Effective visualization in particular is a challenge: utilities must carefully and selectively curate which data to display to maximize information gain without overload (Pivovarov and Elhadad, 2015). In our own work, we desired a system that would (i) allow for seamless browsing and filtering of aggregate patient data, (ii) provide a graphical representation of a single patient record, (iii) visualize longitudinal patient data, including both categorical and numeric (e.g. lab value) data in a way that was dynamic and interactive and (iv) enable data, both individual and aggregate, to be quickly and easily exported for use by other software.

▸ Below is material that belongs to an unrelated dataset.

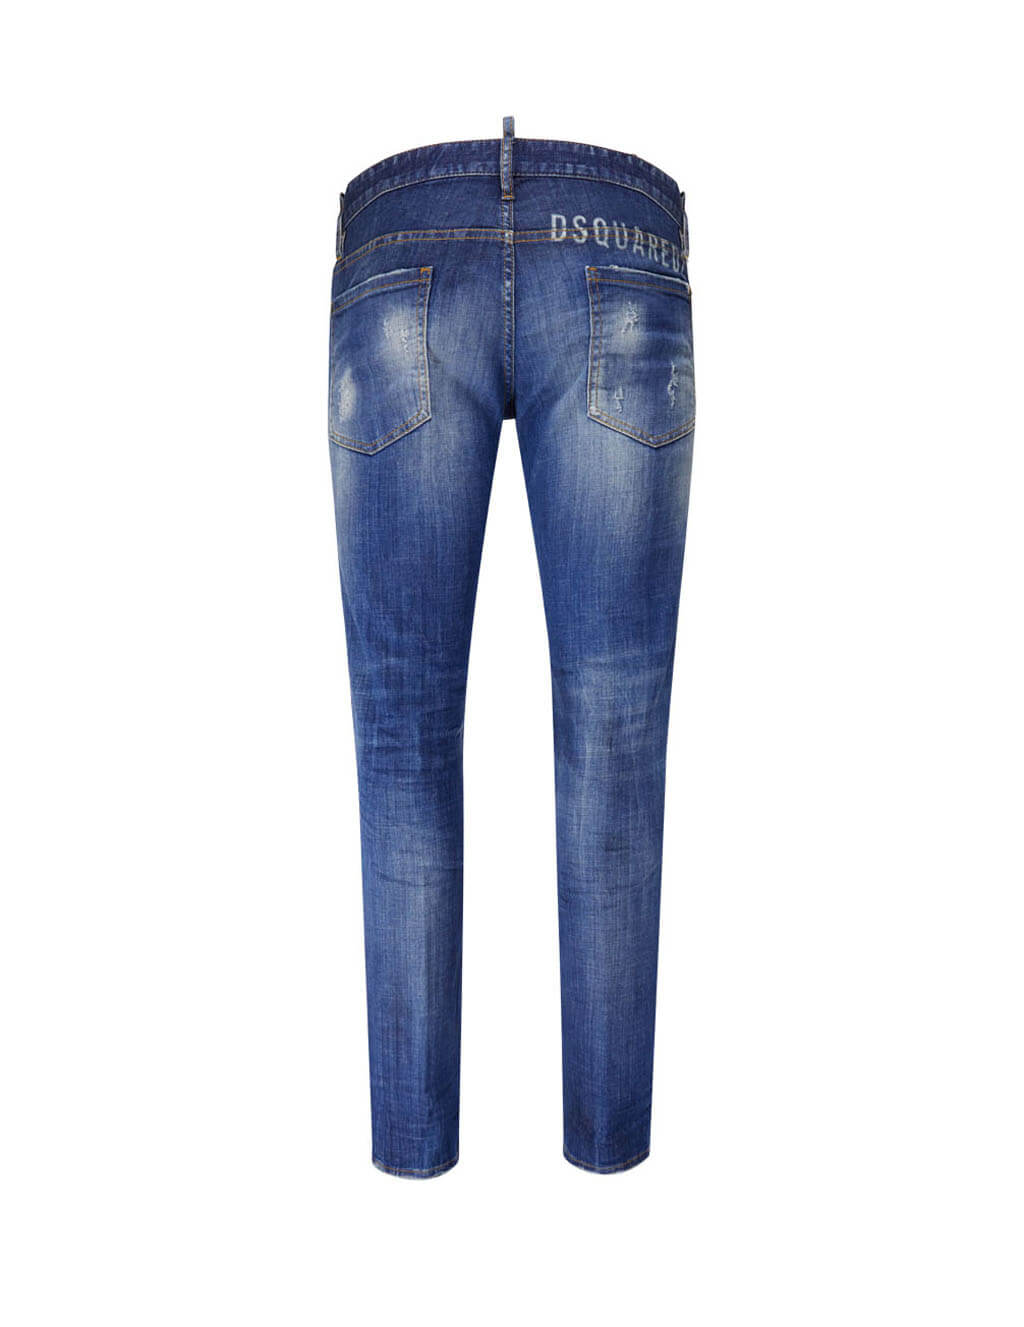 dsquared2 jeans blue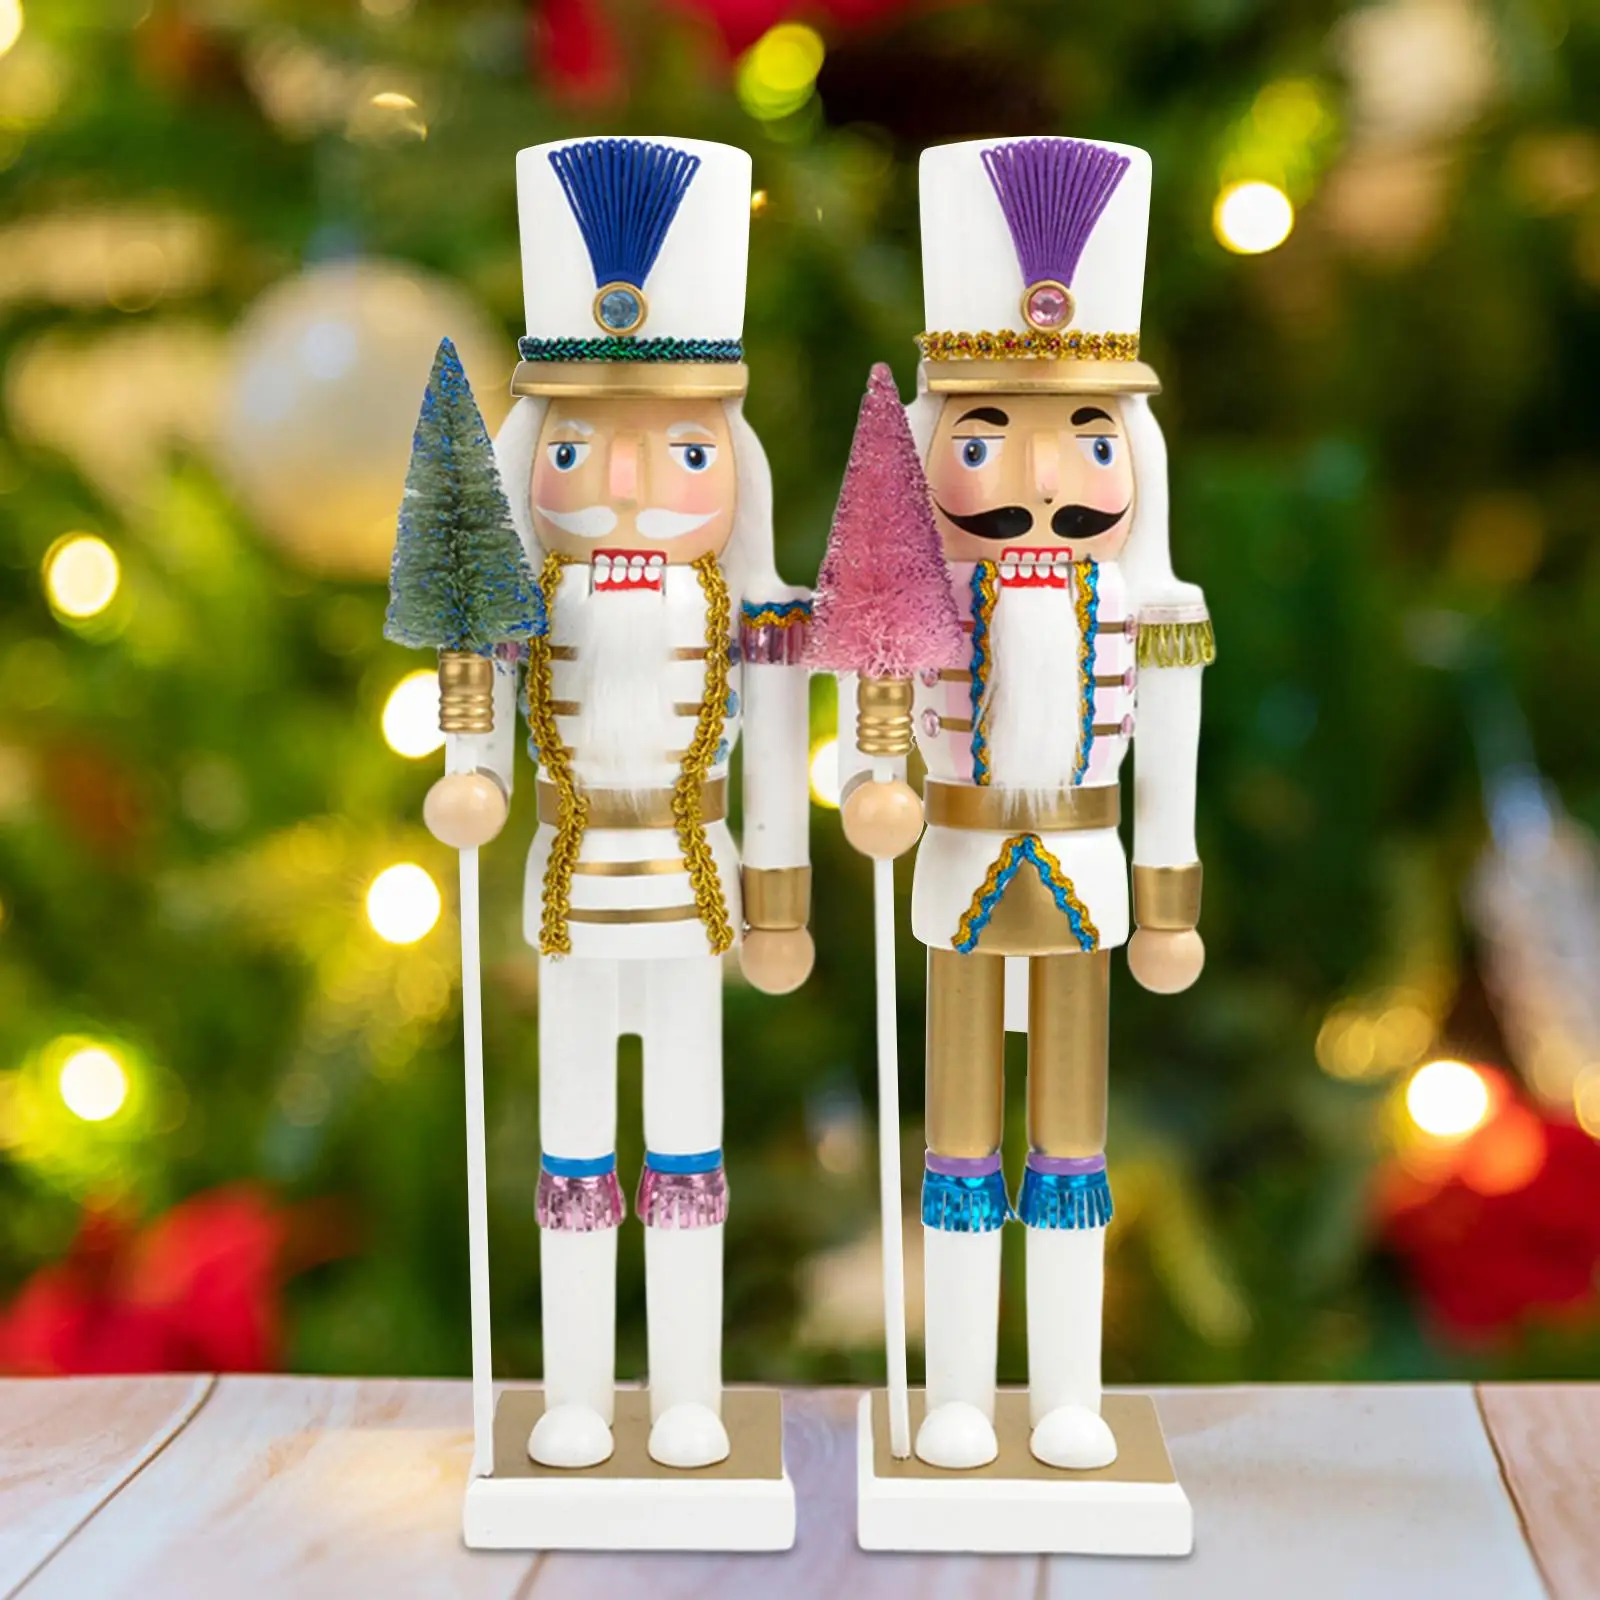 2 Pieces Christmas Nutcracker Ornament Party Favors Decor Hand Painted Doll

While the existing tools are individually powerful, no single tool provided all the functionality we needed.

To this end, we have created an open source application for EHR data in OMOP CDM that allows for easy querying and extraction of data as well as effective visualizations of patient-level data (e.g. interactive timeline visualizations and multi-domain linked graphs). Our tool, PatientExploreR, can be deployed on the system of any user with access to OMOP-formatted EHR data with little to no configuration. By providing a sandbox server of synthesized clinical data for exploration of our application, we hope to continue to lower the barrier of entry for researchers of all kinds to utilize EHR data in their own work.

2 Materials and methods

This package was made possible by the open-source packages and tools developed by the R and shiny (Chang et al., 2015) communities as well as the OHDSI consortium. Due to space limitations, we describe the package structure and all application components in detail in the Supplementary Materials. There, we also detail installation and execution instructions, as well as, speed and performance information, and a strategy to deploy this app on a server environment.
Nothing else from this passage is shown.